M'han enviat aquest text, val la pena dedicar uns minuts a la seva lectura
Por Juan Forn
Cuando el primer ministro israelí Menahem Beguin estaba en Nueva York, de camino a firmar la paz con Anwar el Sadat en Camp David, mostró interés en conocer a Isaac Bashevis Singer. El encuentro (que, curiosamente, tuvo lugar pocas semanas antes de que ambos ganaran el Premio Nobel, uno el de la Paz y el otro el de Literatura) fue un auténtico desastre: Beguin le reprochó a Singer que no escribiera en hebreo, la “verdadera” lengua de los judíos, y le preguntó con desdén cómo se podía hacer funcionar un ejército en iddish. Ofendidísimo, Singer abandonó la reunión después de contestar que una de las razones por las que amaba el iddish era precisamente por tratarse de un idioma que no tenía palabra para “arma” ni para “ejército”. El hijo de Singer, responsable de traducir al hebreo todos los libros de su padre, cuenta que Singer despotricaba en cambio por la escasez de palabras que ofrecía el hebreo para aludir a la lujuria, a diferencia de la casi infinita variedad que le daba el iddish.
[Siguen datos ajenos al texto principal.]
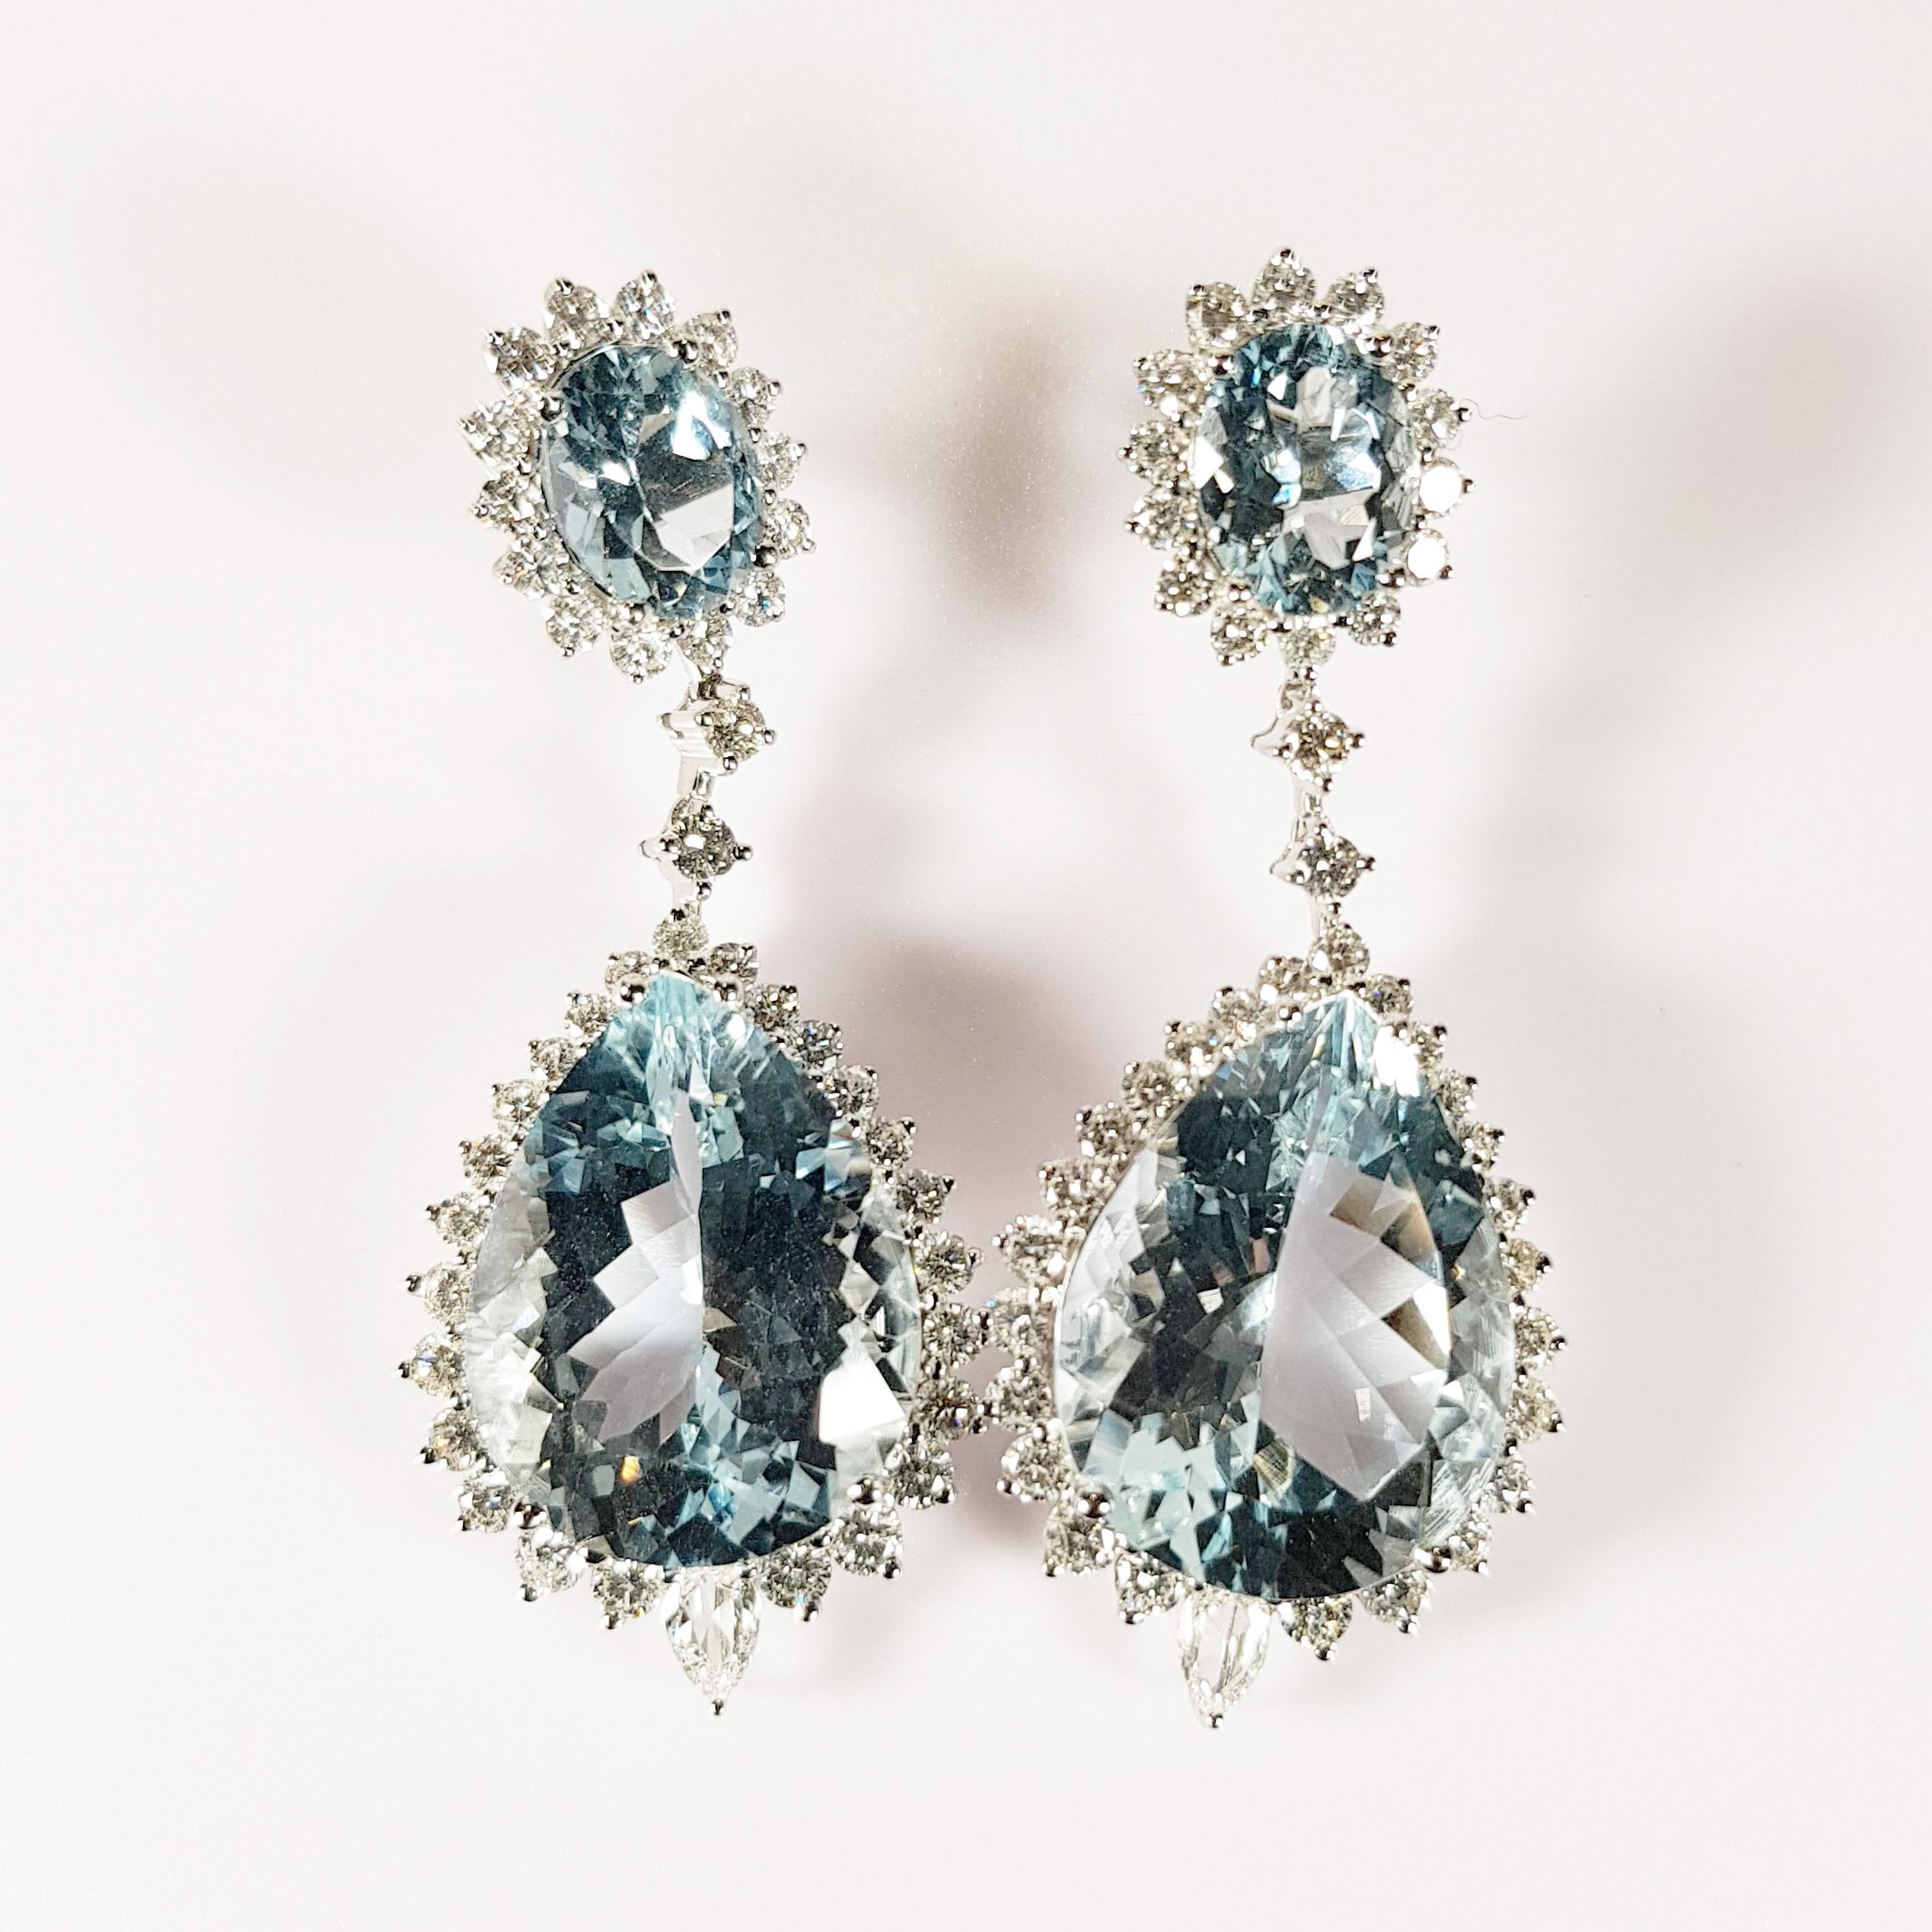 Contemporary 18 Karat White Gold Earrings with Diamonds and Aquamarine For Sale

Como se sabe, Singer logró ganar el Nobel escribiendo en esa lengua definida alguna vez por el propio Heine como “un mero alemán mal hablado”. Llegado a América desde Polonia en 1935, sin un centavo y sin saber una palabra de inglés, Singer estuvo veinte años malviviendo de los tres cuentos por semana que publicaba en el Forverts, el diario en iddish de Nueva York, hasta que un día Saul Bellow leyó uno (“Gimpel el tonto”), lo tradujo al inglés, lo publicó en el Partisan Review y le cambió la vida para siempre: a partir de entonces, los cuentos de Singer se publicaron simultáneamente en el Forverts en iddish y en el New Yorker en inglés. El Forverts le había pagado durante décadas veinticinco dólares la pieza; el New Yorker le daba mil por cuento publicado. Aun cuando en inglés ya se lo celebraba como un nuevo Chejov, gran parte de la comunidad judeoamericana seguía viéndolo como un cuentero licencioso y blasfemo del viejo país. Singer se limitaba a encogerse de hombros y murmuraba socarronamente: “Qué puede decir un escritor cuando hablan sus personajes”.
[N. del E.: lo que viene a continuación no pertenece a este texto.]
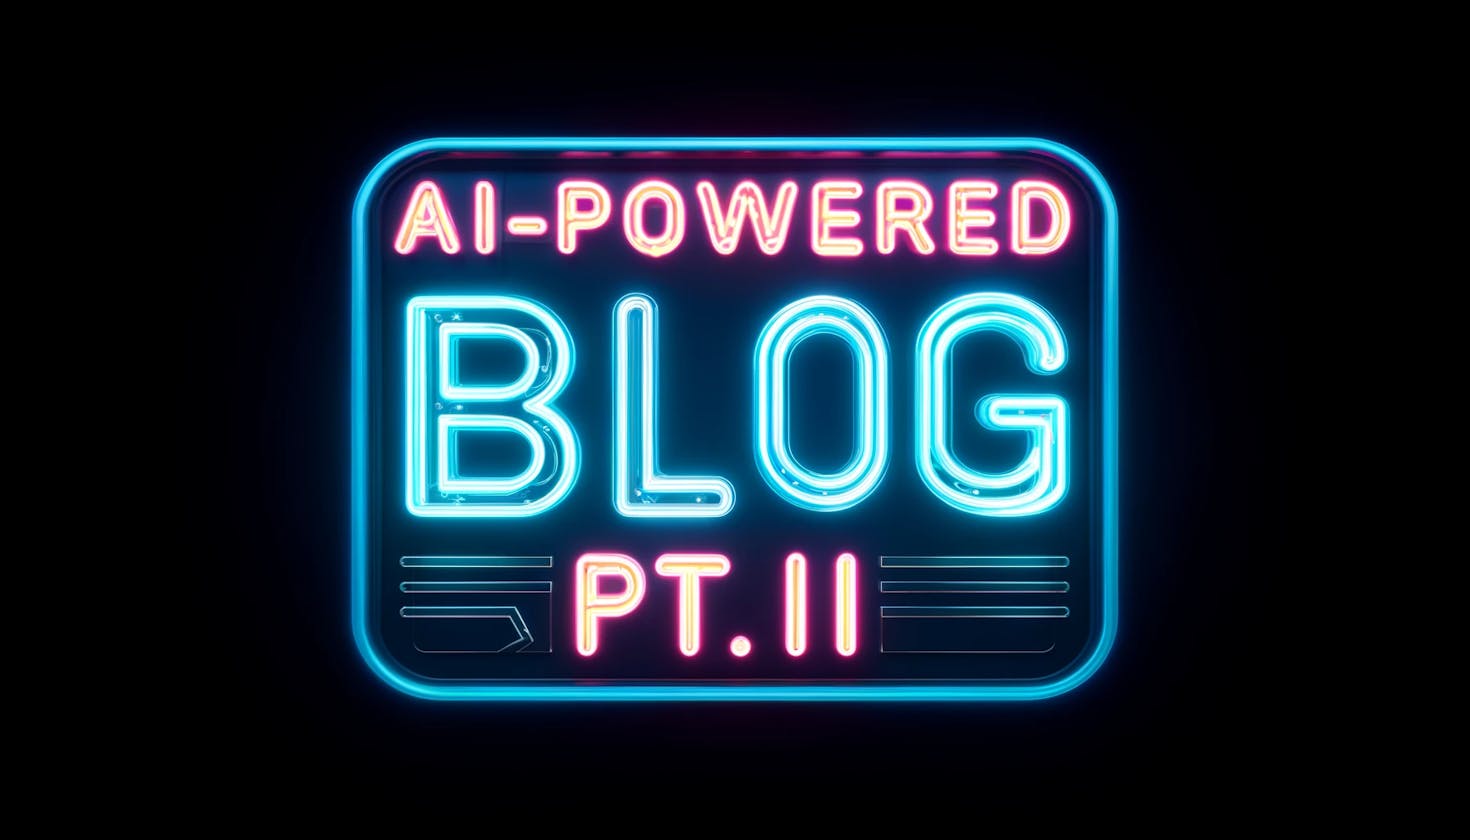 I'm Building an AI-Powered Blog: Here's How...

La leyenda dice que se levantaba todas las mañanas a las siete, pero se quedaba hasta tres horas rumiando en la cama el cuento que iba a escribir (“Puedo ver los Cárpatos desde mi cama, si cierro bien los ojos”); de ahí pasaba a la bañadera donde permanecía media hora más ajustando los últimos detalles y, de ahí, envuelto en una bata rotosa, pasaba a la máquina de escribir, donde en menos de una hora tipiaba de un tirón el cuento, con papel carbónico. Una copia iba para el Forverts, la otra para alguna de sus traductoras, que horas más tarde traía el texto en inglés. Singer se abalanzaba entonces sobre las páginas y procedía a corregirlas de tal modo que puede decirse que las reescribía. La dócil traductora pasaba en limpio el texto, con Singer vigilando por encima de su hombro, y partía después a entregarlo al New Yorker, previo interludio en la cama, si la esposa del escritor no había regresado aún de Lord & Taylor, la tienda donde trabajaba como vendedora.
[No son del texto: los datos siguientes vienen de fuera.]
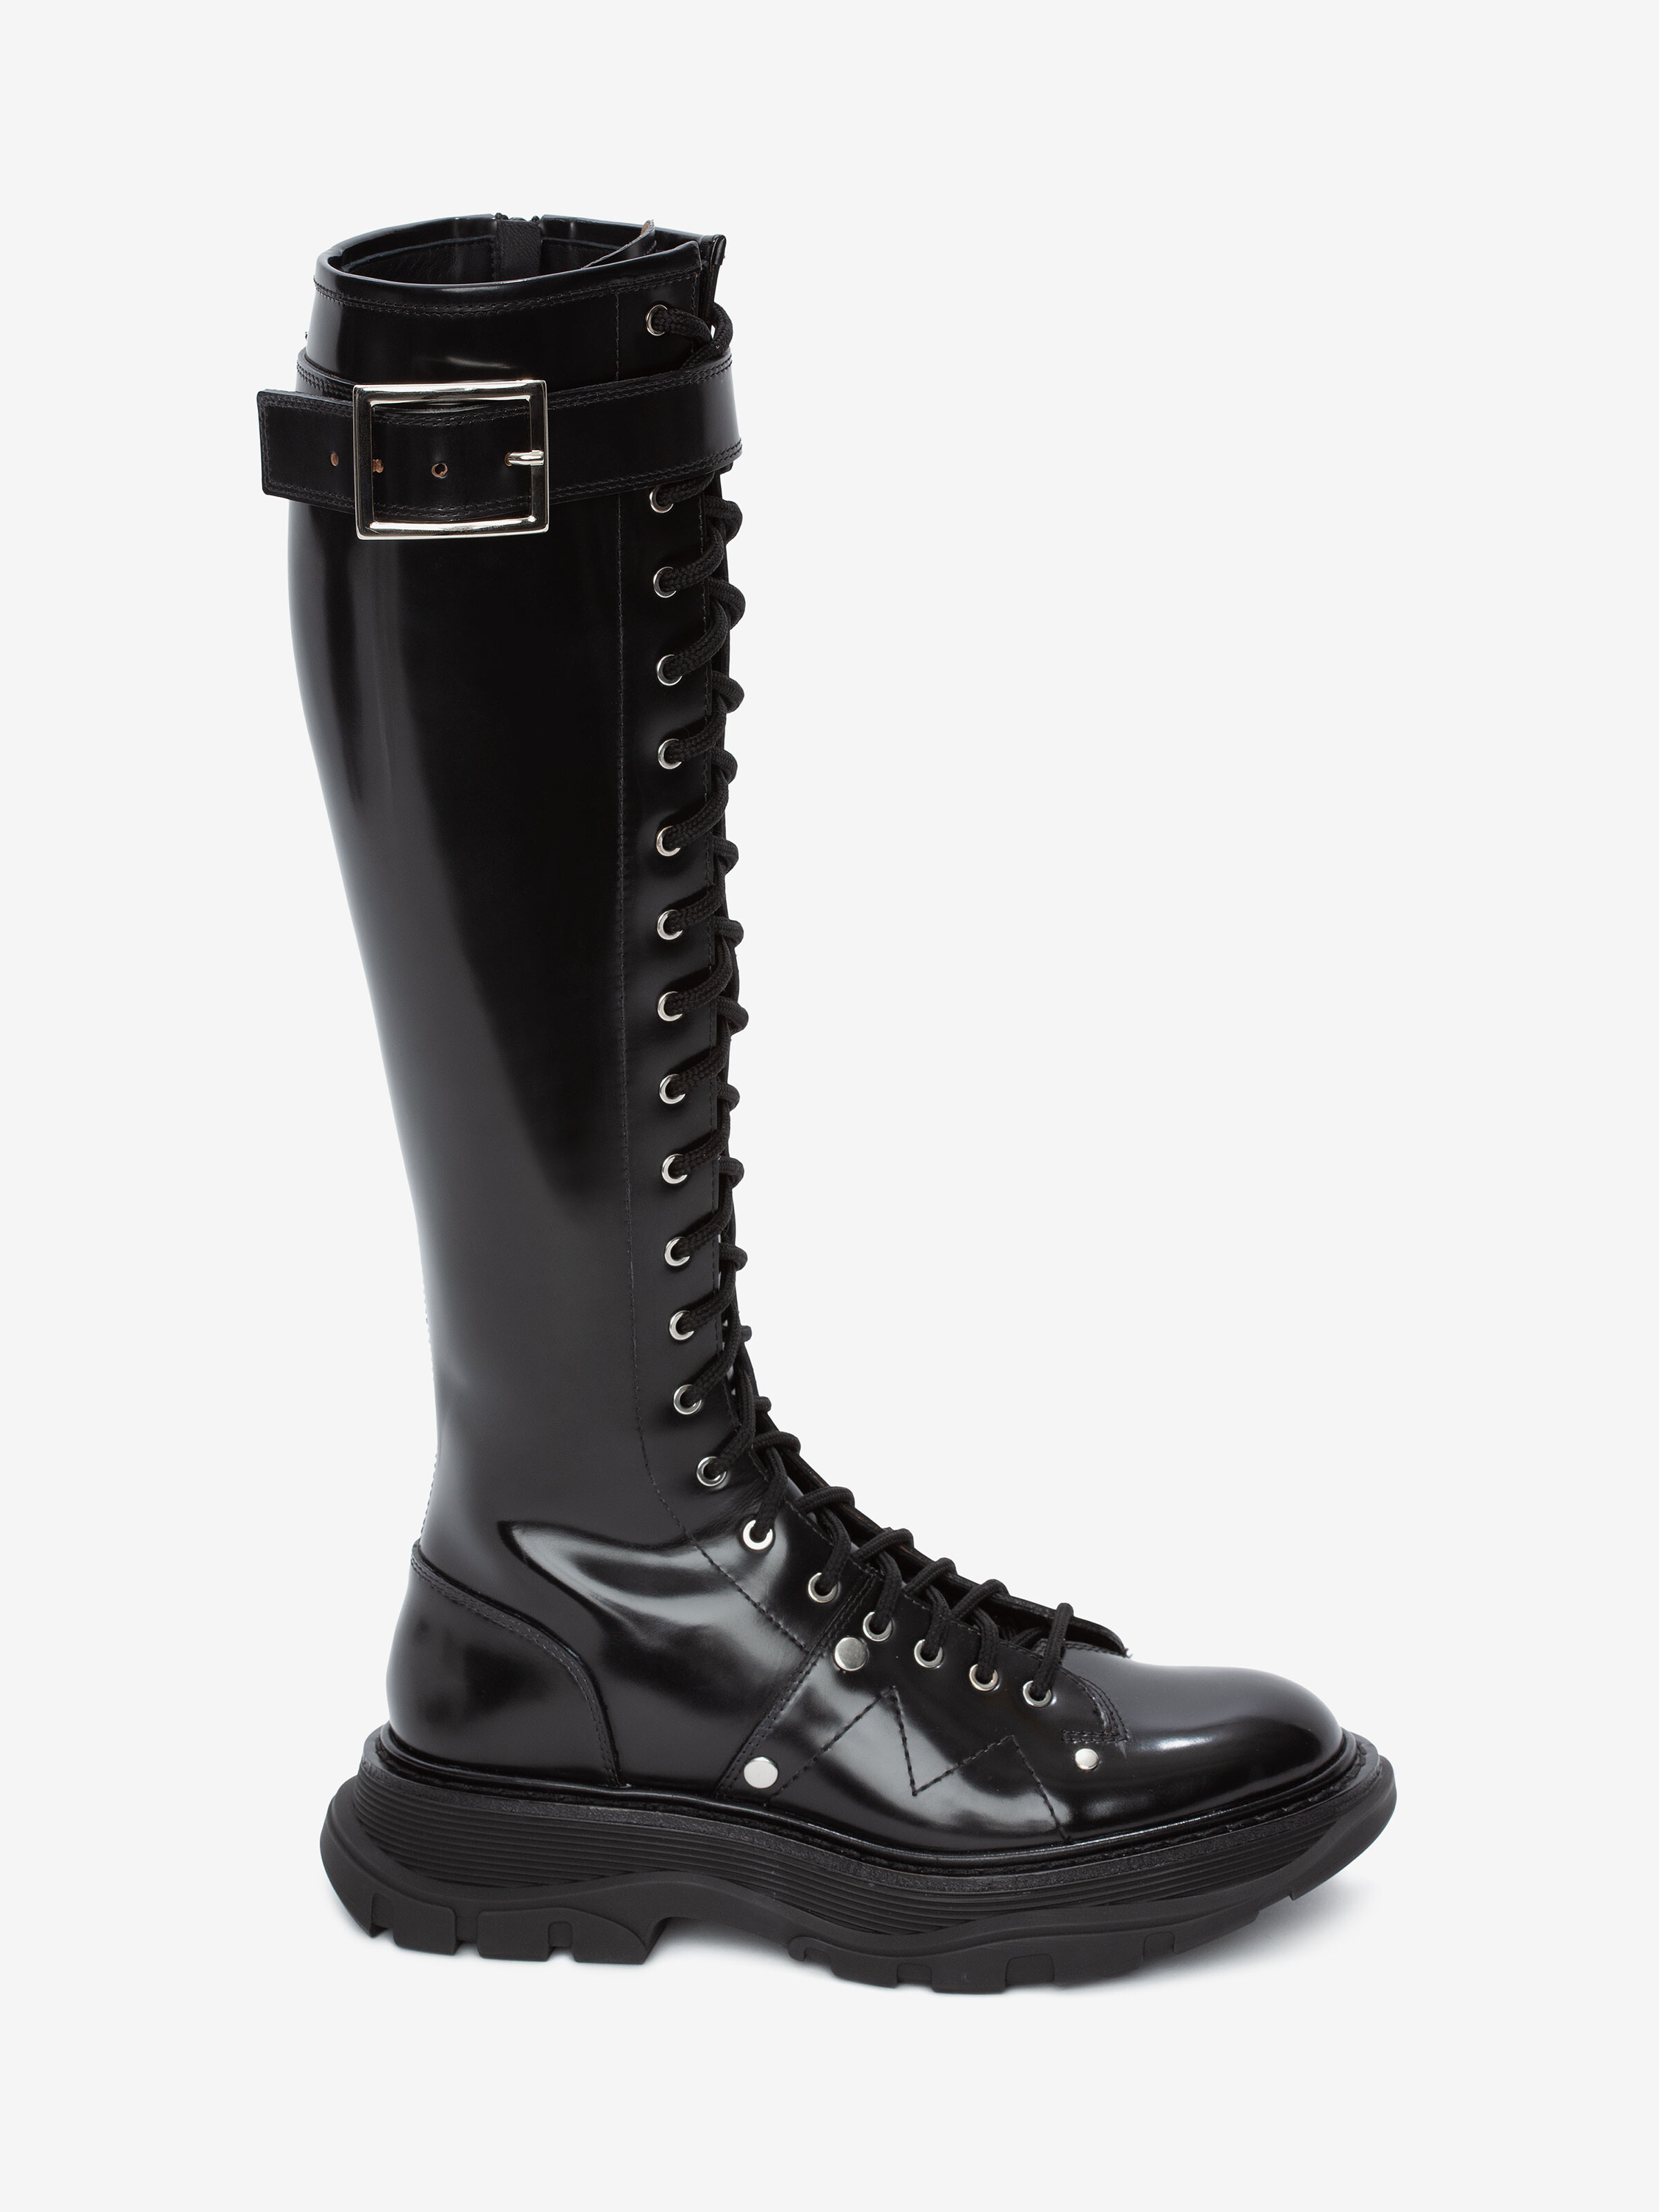 Tread Lace Up Boot in Black/Silver

Singer quedó agradecido de por vida a Bellow, pero nunca más le permitió acercarse a un texto suyo. Prefirió elegir él mismo traductoras más maleables. Era famoso por atender el teléfono nomás sonaba, aun cuando estuviera enfrascado en su trabajo literario o amatorio, porque por lo general eran llamados de lectores del Forverts, con alguna buena historia para contarle (“¡He visto a Hitler en la cafetería de Finkel y nadie me cree!”) o alguna conquista potencial (elegido a los 75 años uno de los diez hombres más sexies de Estados Unidos, Singer adjudicó el secreto de su éxito a que siempre logró que las mujeres casadas no sintieran culpa por acostarse “con tan poca cosa como yo”). Puede decirse que Singer hasta fornicaba en iddish (quizás era ése el secreto de su éxito), pero cuando le llegó a su obra el momento de la consagración, de la traducción a otras lenguas, el texto “madre” que Singer exigió que se usara en todos los casos era la versión en inglés. Es decir que el Singer que conocemos quienes lo leemos en castellano, en francés, en alemán, italiano, polaco, ruso o portugués, el Singer que premió la Academia Sueca por hacer inmortal al iddish, es el Singer mejorado o depurado por él mismo en sus traducciones al inglés. Eso no le impidió dirigirse en iddish a la audiencia en su discurso del Nobel: “Escribo en una lengua muerta porque escribo sobre fantasmas. Y cuanto más muerta la lengua, más vívidos son sus fantasmas”, dijo. “Nuestra necesidad de creer sólo puede compararse a nuestra necesidad de sexo”, dijo. “Dios ha de estar cansado de nuestras plegarias, a esta altura. Lo que Dios necesita es que alguno de nosotros se decida a preguntarle de qué diablos se ríe”, dijo. Y después lo repitió en inglés, para no dar margen a traducciones ajenas, que pasteurizaran su sentido.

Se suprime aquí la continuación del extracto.